Introduction to Correlation

Often of interest in analyzing data is measuring the strength of assocation between two variables. This allows the analyst to answer such questions as “Does X predict Y?” or “Is X related to Y”. The most common measure of correlation is the Pearson Product Moment coefficient of correlation.

Correlation is often denoted by \(r\) and always ranges from -1 to 1. A coefficient close to 1 indicates positive correlation, ie, \(y\) increases as \(x\) increases. Correlation near -1 represents a negative correlation, or as \(y\) decreases, \(x\) increases. Values near 0 indicate weak or no correlation between the variables.

\(r\) in the Pearson setting is calcualted as:

\[ r = \frac{S_{xy}}{\sqrt{S_{xx}S_{yy}}} \]

It should be noted \(r\) is not related to \(R^2\), the coefficient of determination, which is the proportion of variance in the \(X\) variable that is predicatable from the \(Y\) variable.

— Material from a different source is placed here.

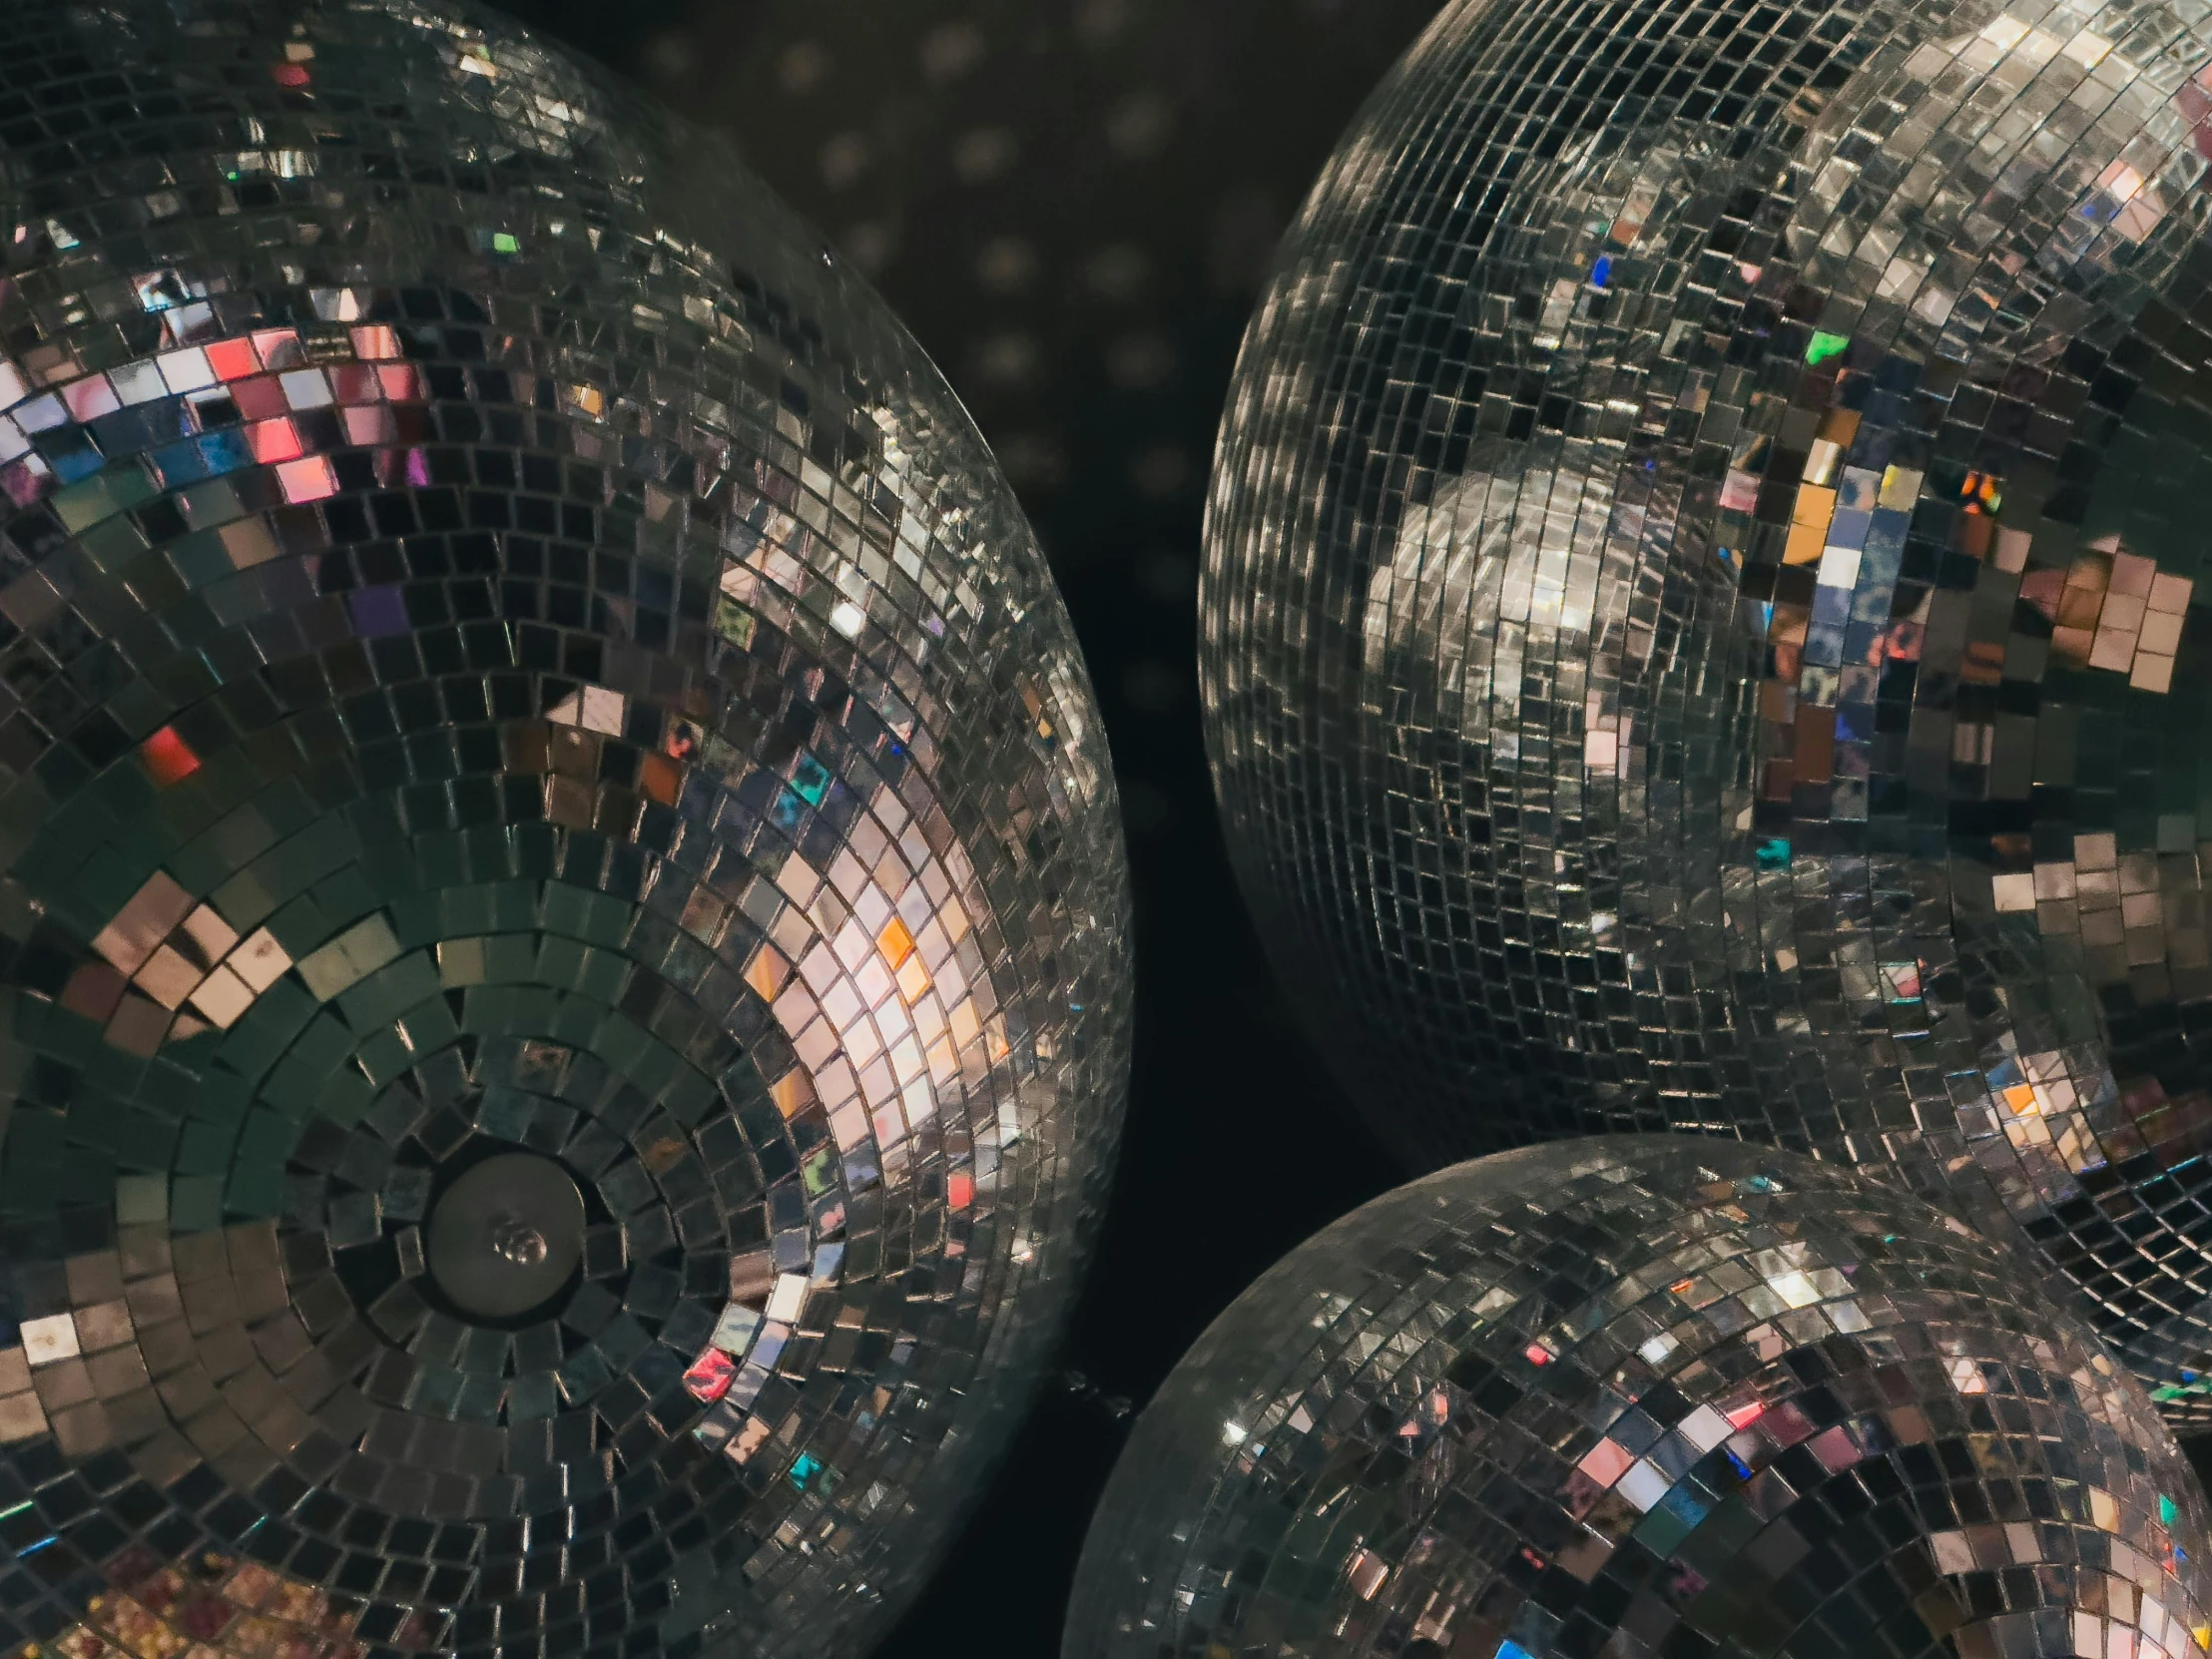 disco balls with mirrors in them all arranged

Correlation will be explored with the cars dataset available in R using base R functions and manual calculations to verify the understanding of the measure.

Getting Started

Load the package and data that will be used in the example.

library(ggplot2)
data("cars")

The cars dataset contains 50 observations of the stopping distance of cars at various speeds in mph. Since the speed variable is independent of the stopped distance, speed will be the \(x\) variable.

Measuring Correlation Between Two Variables

The relationship between speed and stopping distance can be visualized using a scatterplot. A linear model is drawn through the data to help represent the association of the two variables.

ggplot(cars, aes(x=speed, y=dist)) + 
  geom_point(color='blue') + 
  geom_smooth(method=lm, se=FALSE, fullrange=TRUE)

From the scatterplot, it’s readily apparent stopping distance increases as speed increases, which should be expected given the first law of motion.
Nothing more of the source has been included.